The problem:
All pictures are to be dropped, and the remaining data set down exactly.

Supplied information:

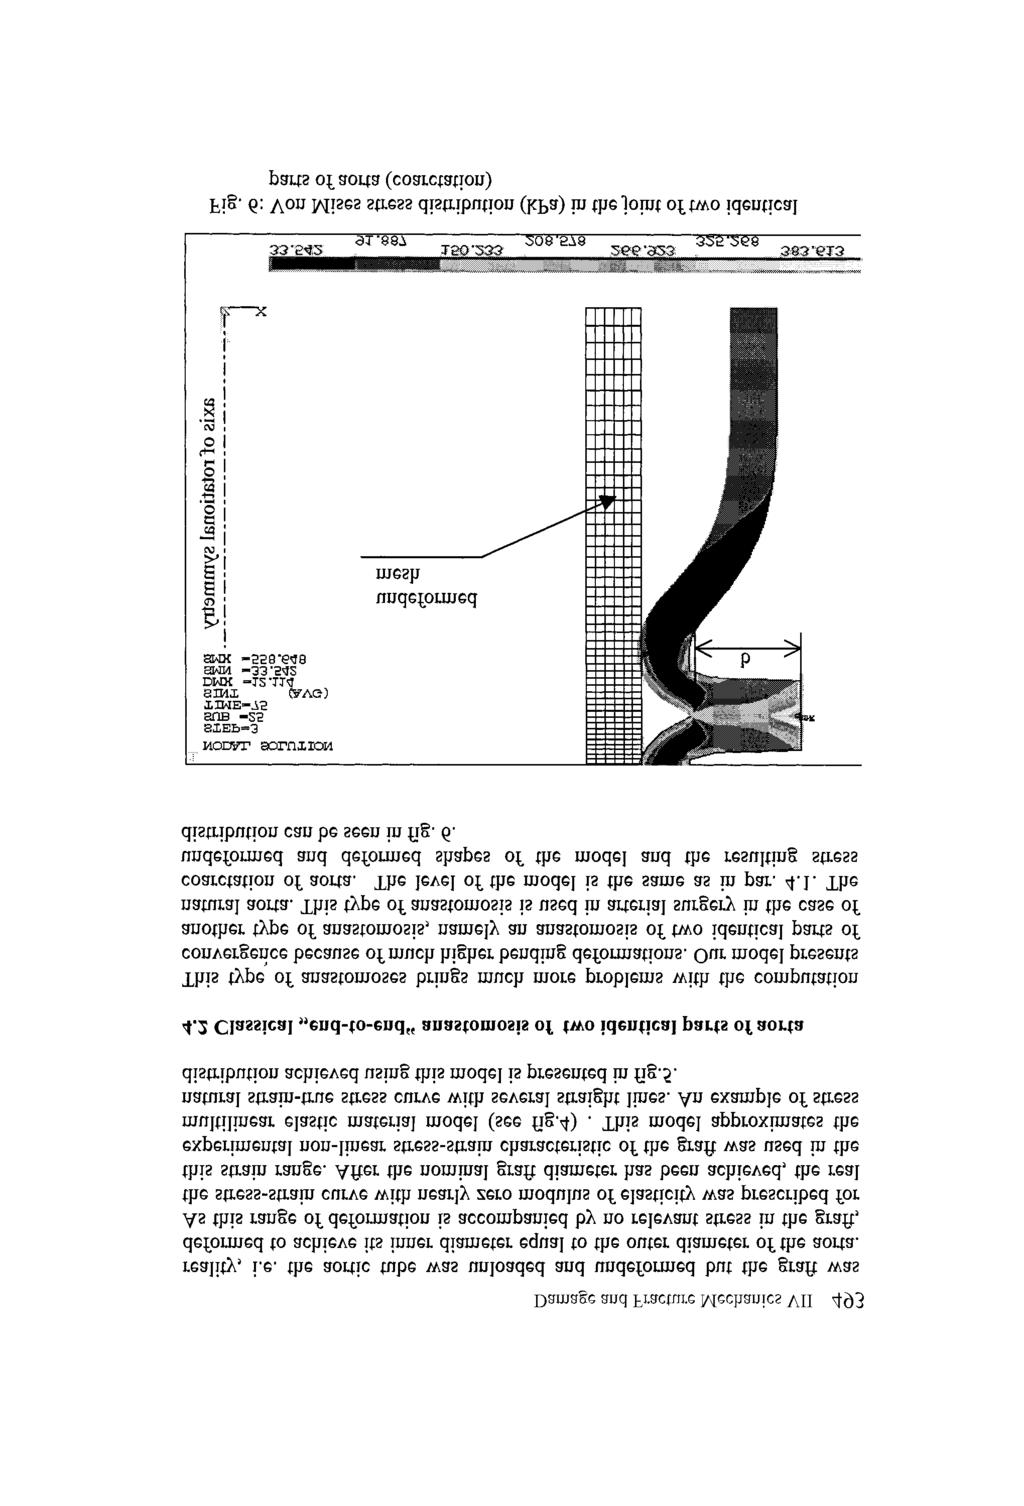 2002 WT Press, Ashurst Lodge, Southampton, SO40 7AA, UK. All rights reserved. Paper from: Damage and Fracture Mechanics V, CA Brebbia, & S Nishida (Editors).
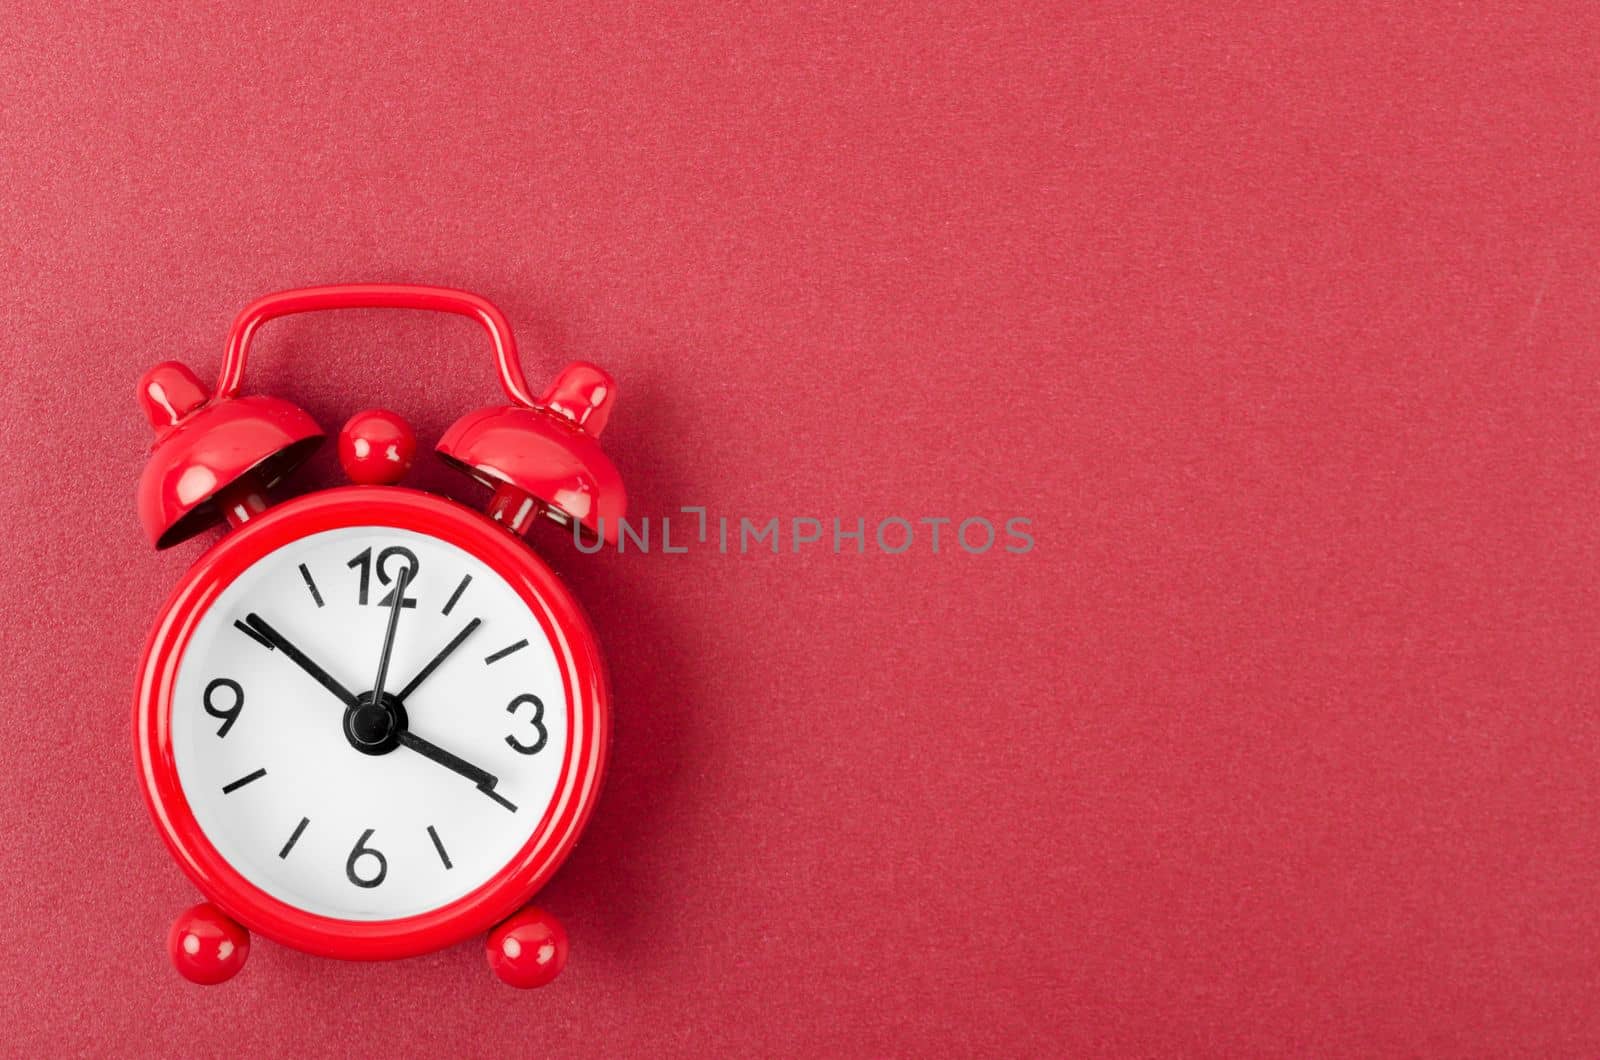 The Red alarm clock on red colour background. by Gamjai
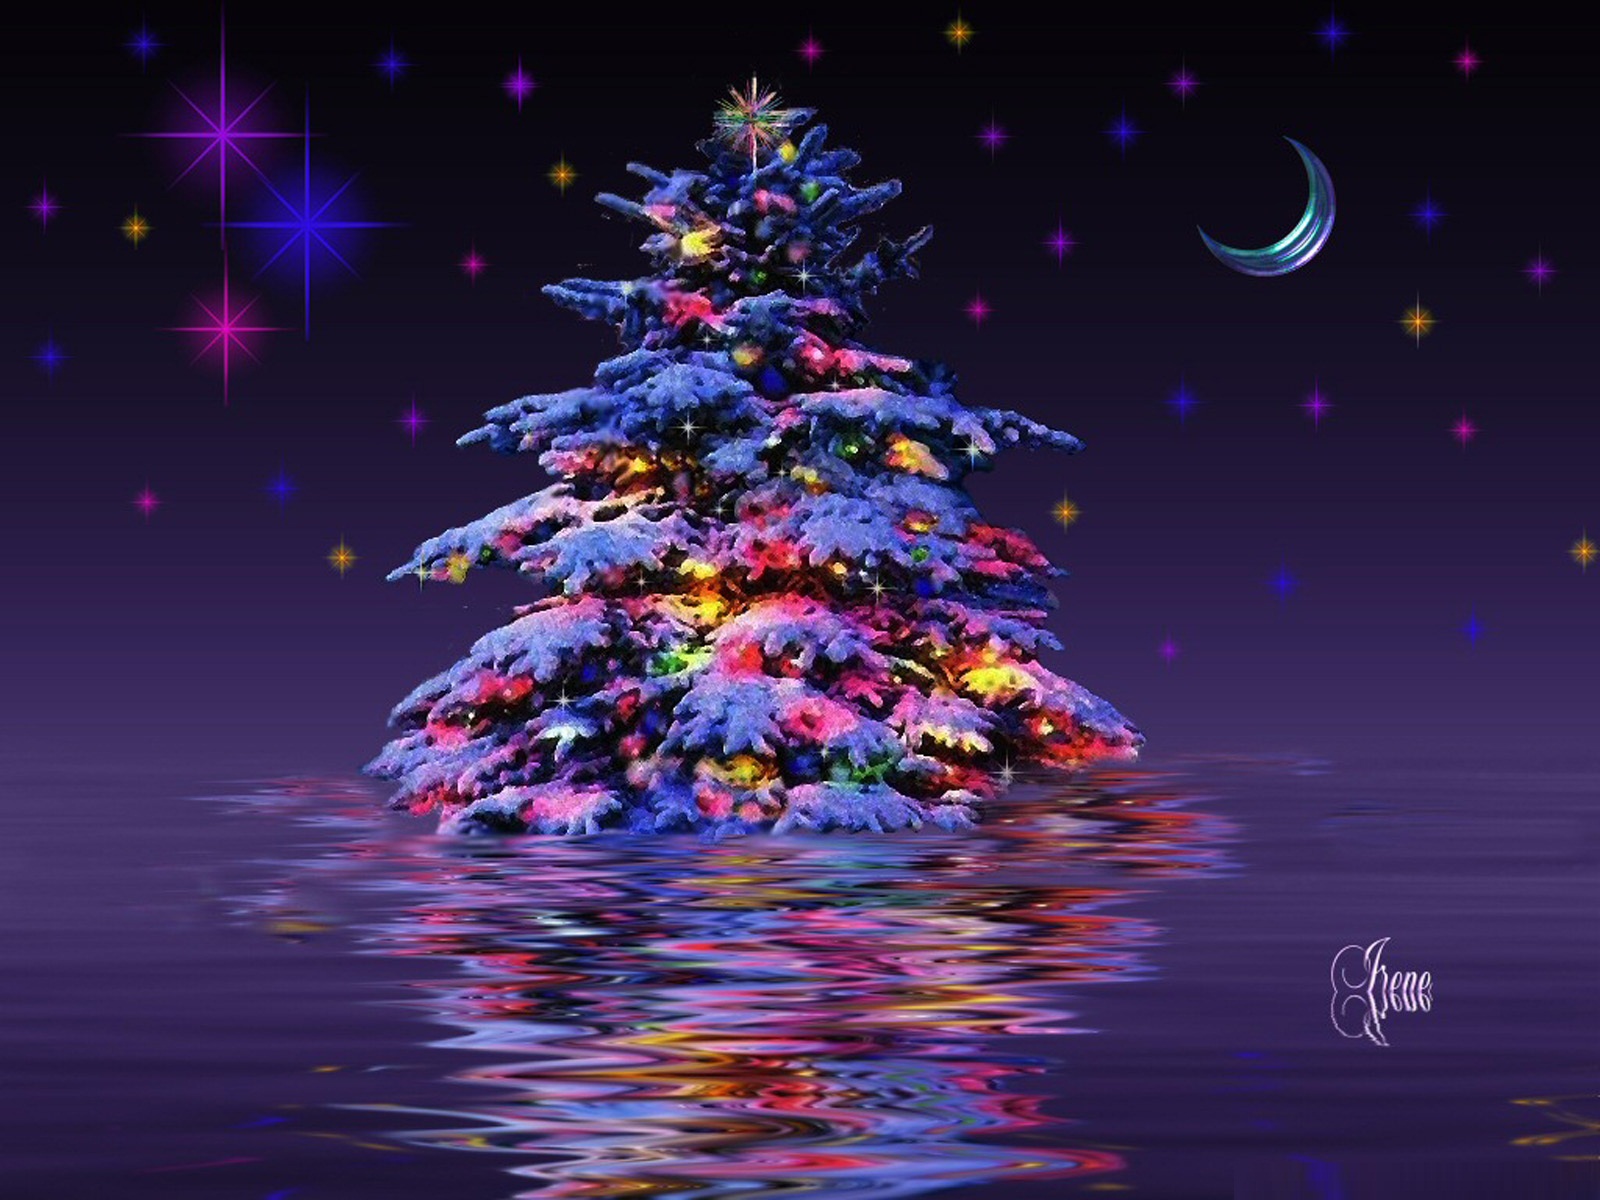 3d Christmas Tree Wallpapers Free 3d Christmas Tree Backgrounds

Written solution:
 2002 WT Press, Ashurst Lodge, Southampton, SO40 7AA, UK. All rights reserved. Paper from: Damage and Fracture Mechanics V, CA Brebbia, & S Nishida (Editors).
 The Red alarm clock on red colour background. by Gamjai
 3d Christmas Tree Wallpapers Free 3d Christmas Tree Backgrounds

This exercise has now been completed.